● **DATA SHOWN**
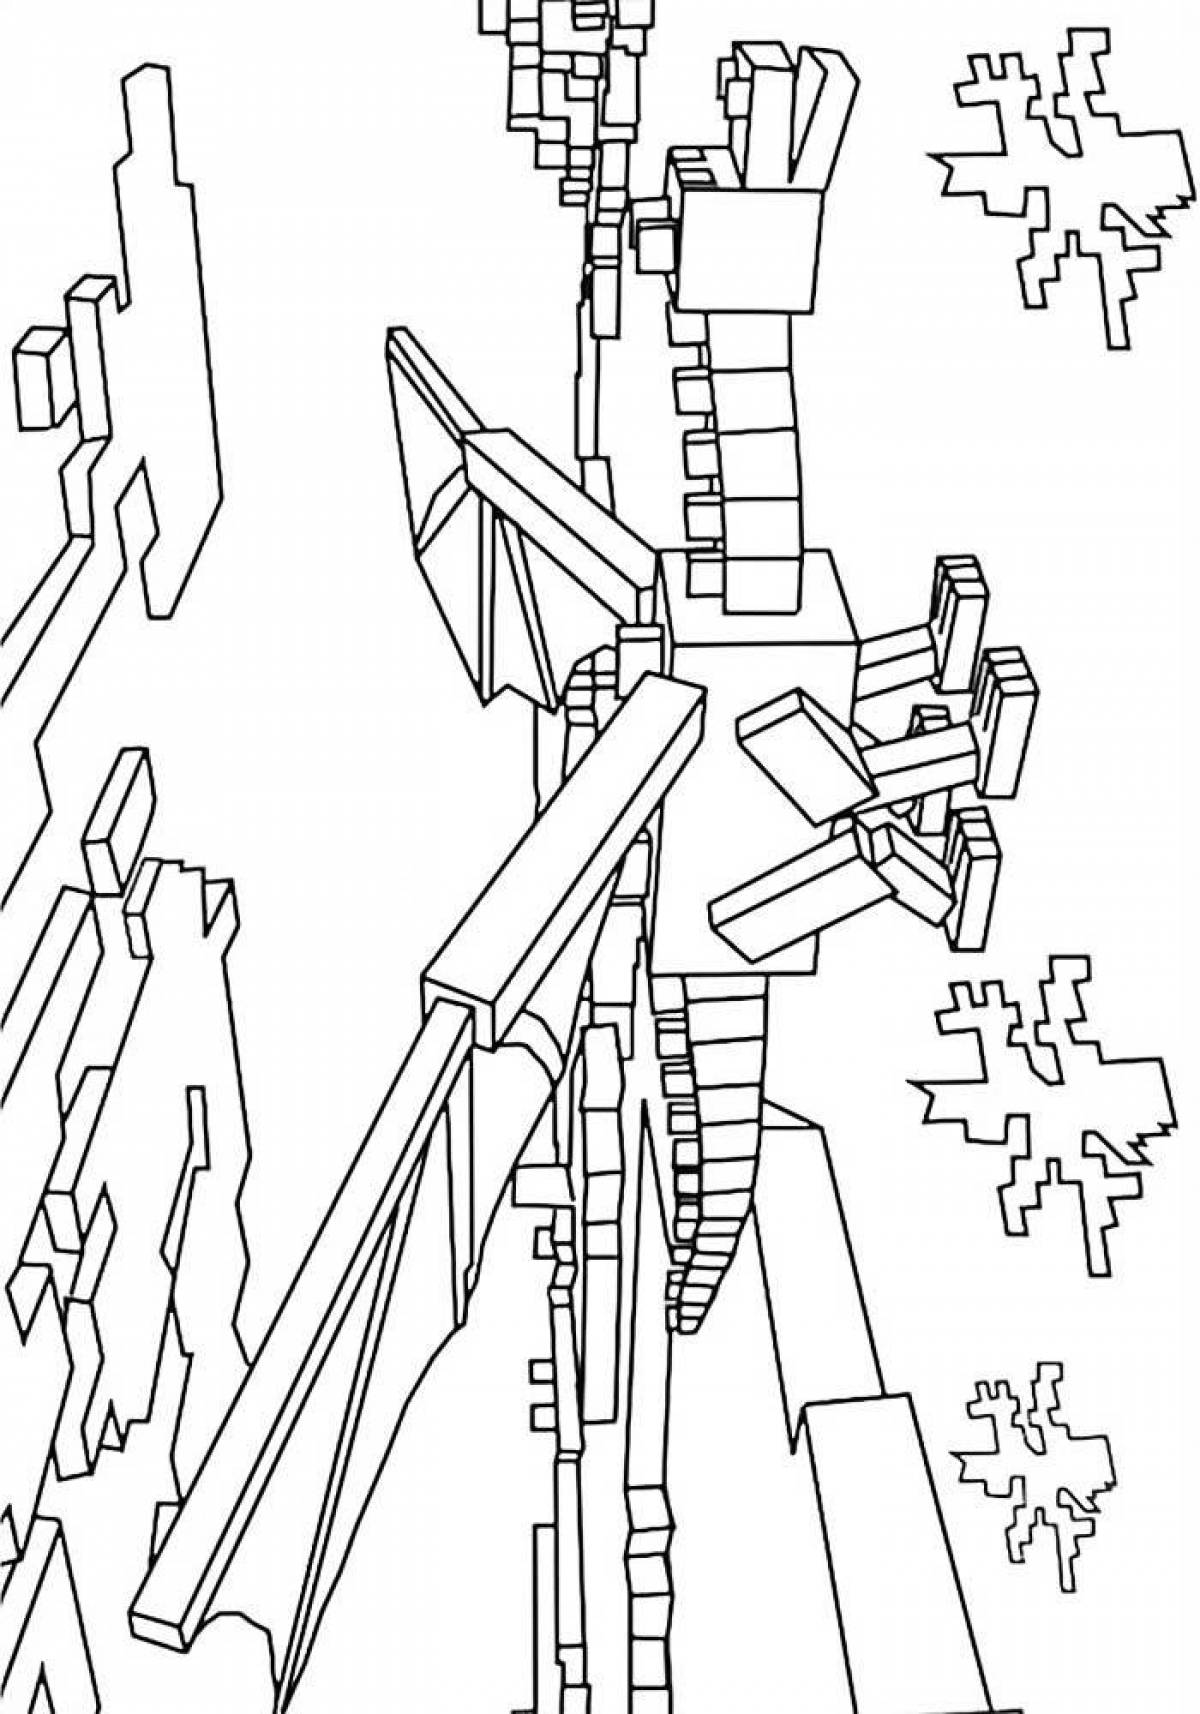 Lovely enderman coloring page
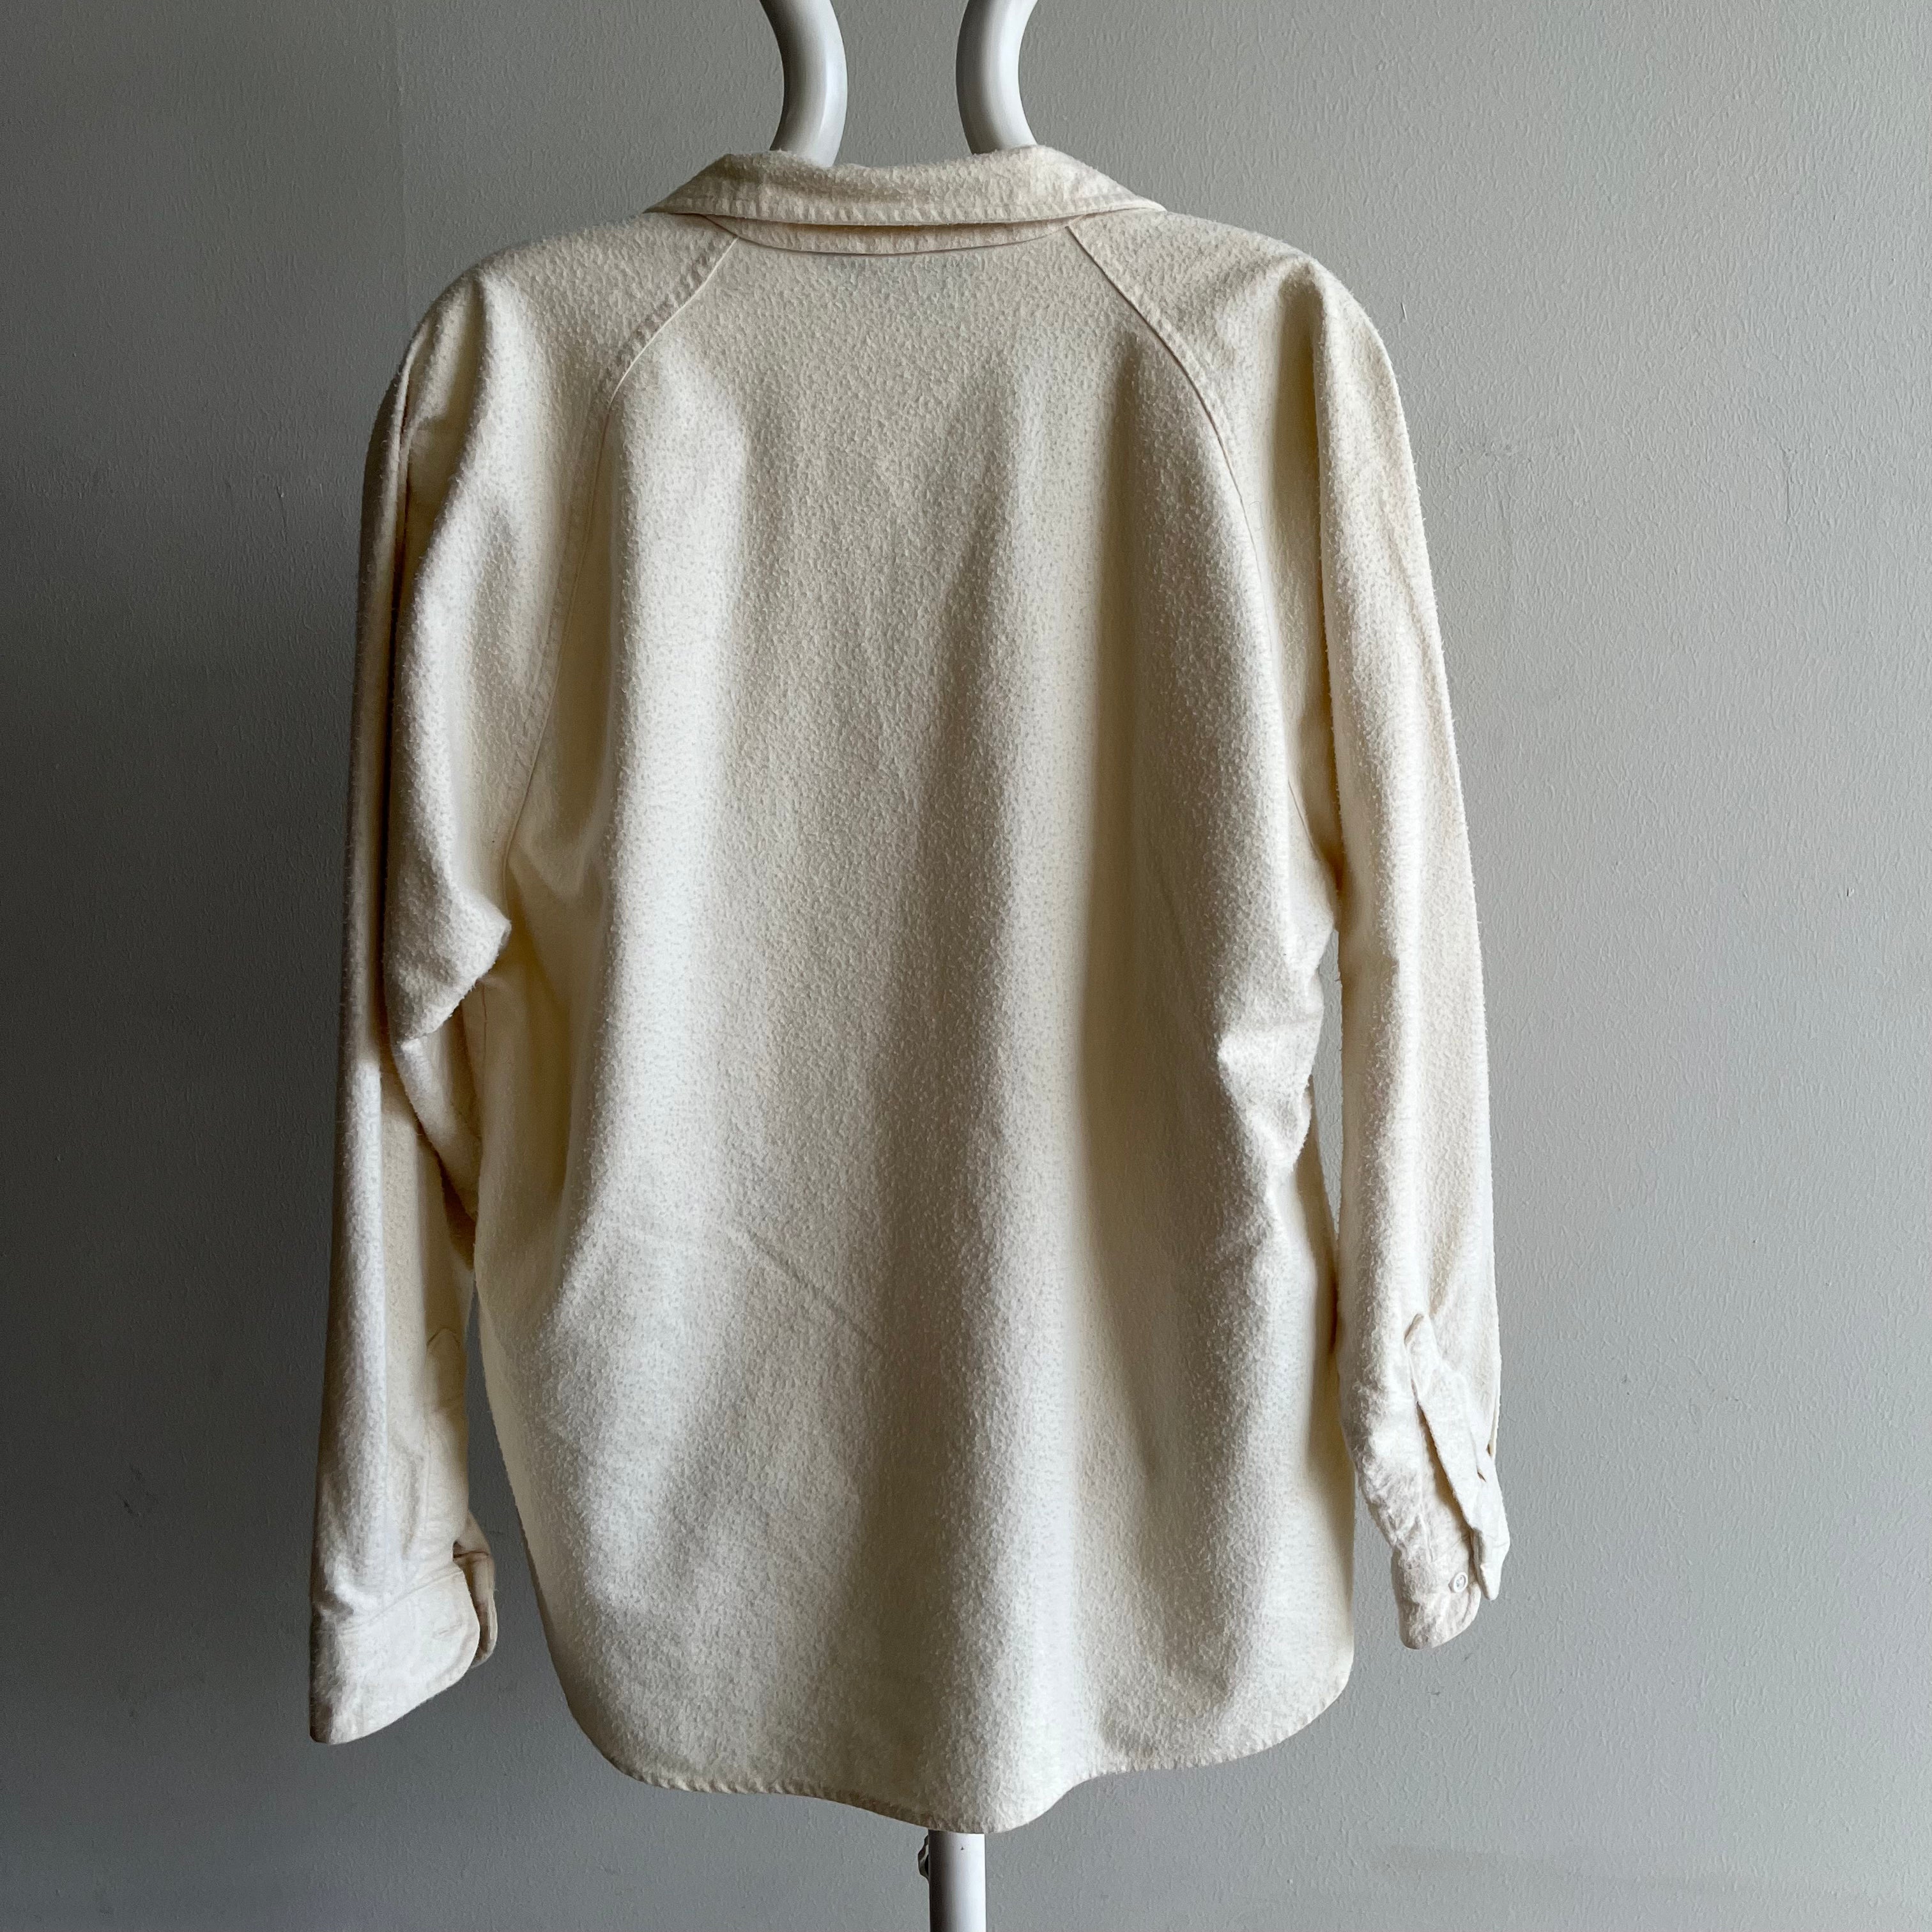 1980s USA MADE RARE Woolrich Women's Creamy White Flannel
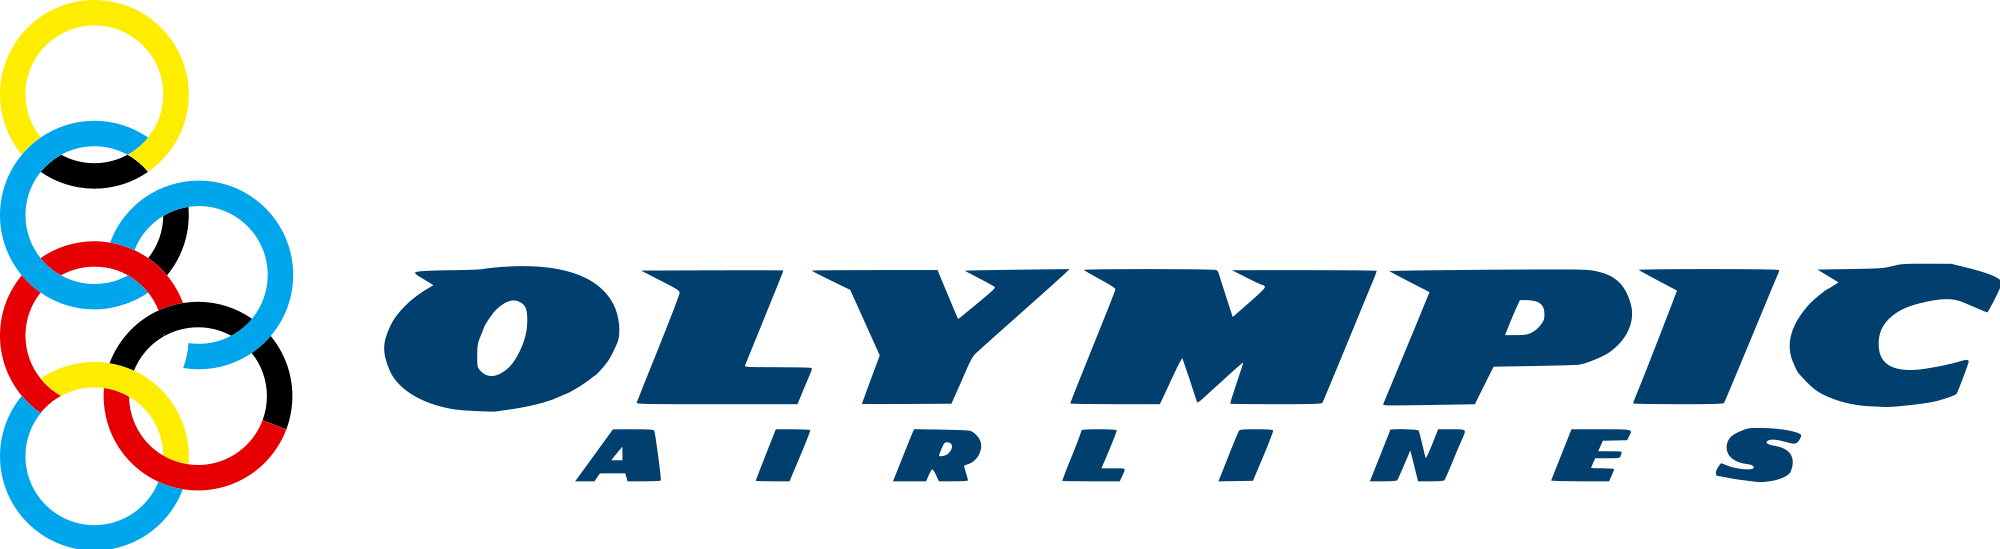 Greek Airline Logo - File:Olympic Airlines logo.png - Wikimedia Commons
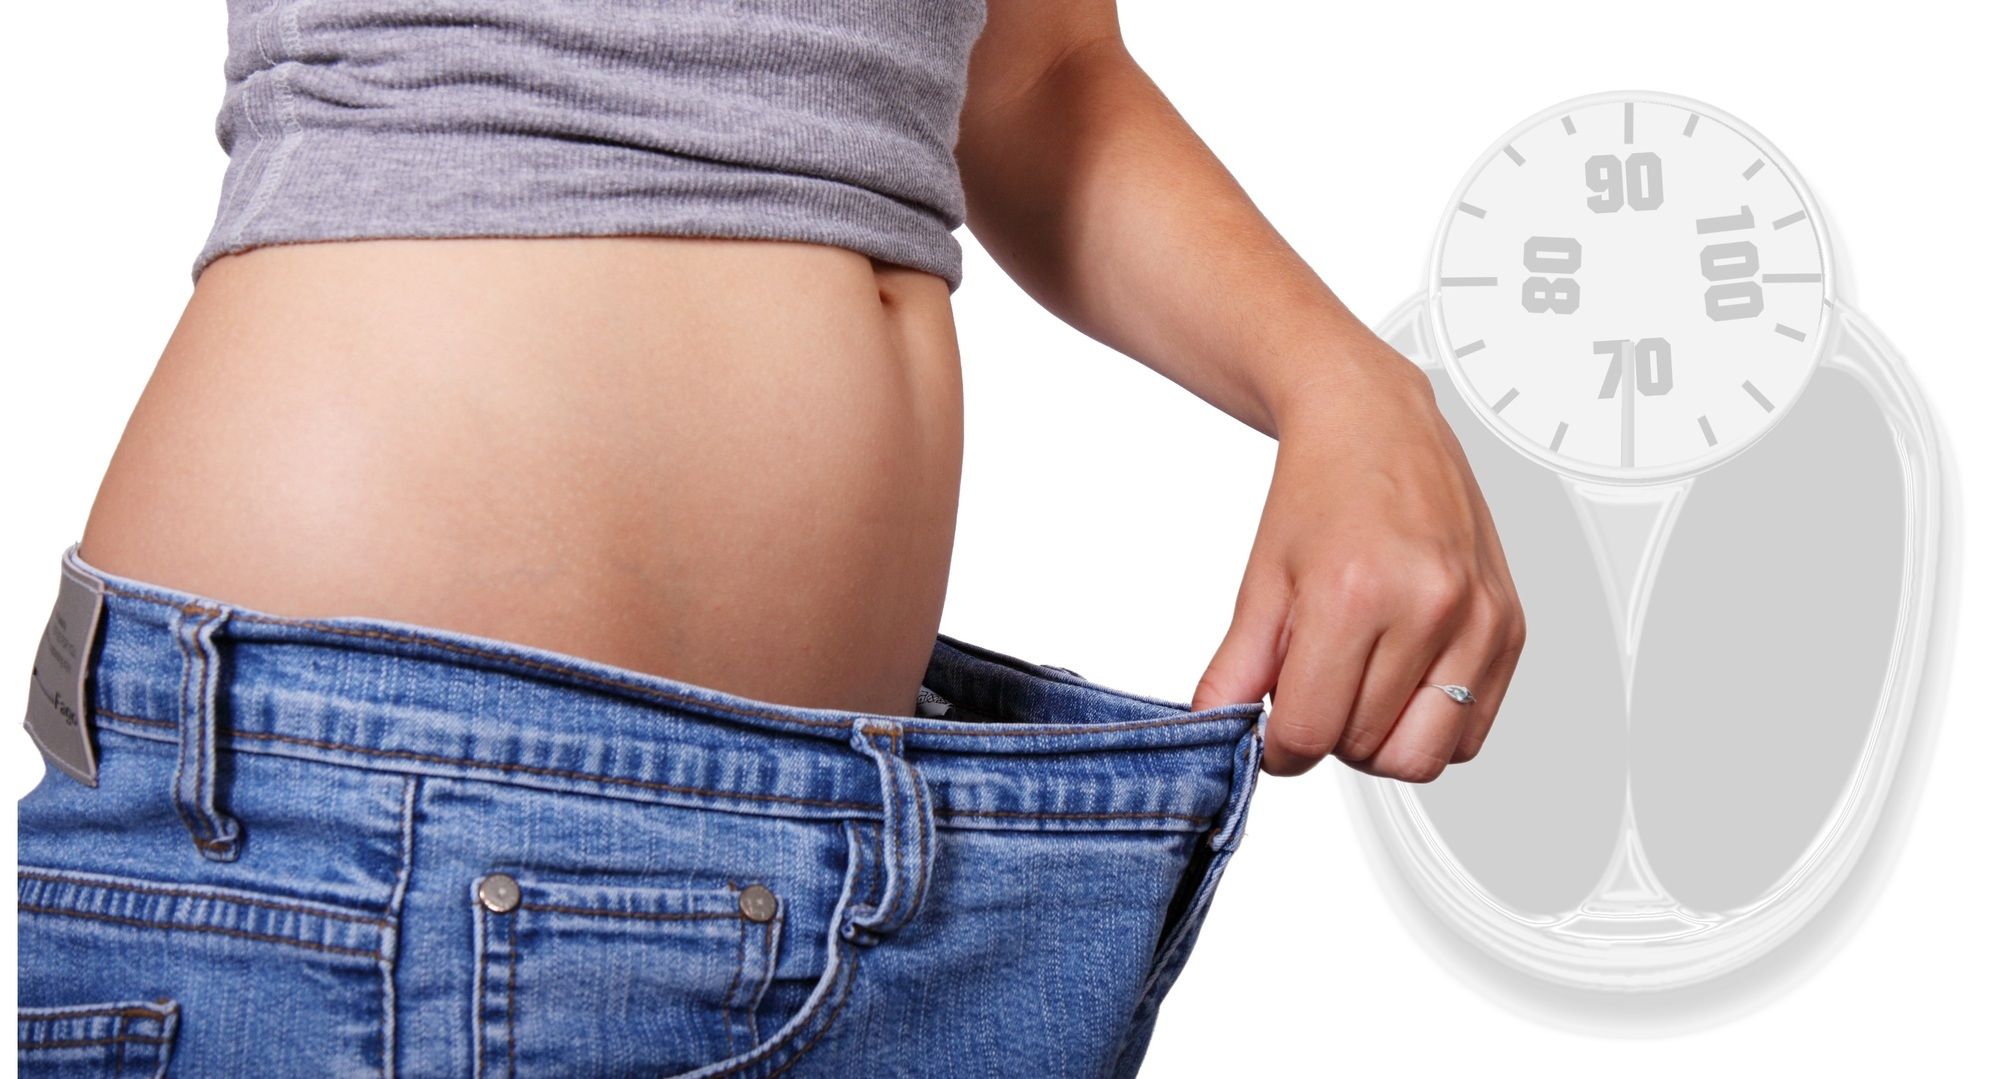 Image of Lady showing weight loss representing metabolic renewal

● **EXERCISE REQUIREMENTS**
When you return the listing, keep each line exact and leave the pictures out.

● **REPLY TO THE TASK**
 Lovely enderman coloring page
 1980s USA MADE RARE Woolrich Women's Creamy White Flannel
 Greek Airline Logo - File:Olympic Airlines logo.png - Wikimedia Commons
 Image of Lady showing weight loss representing metabolic renewal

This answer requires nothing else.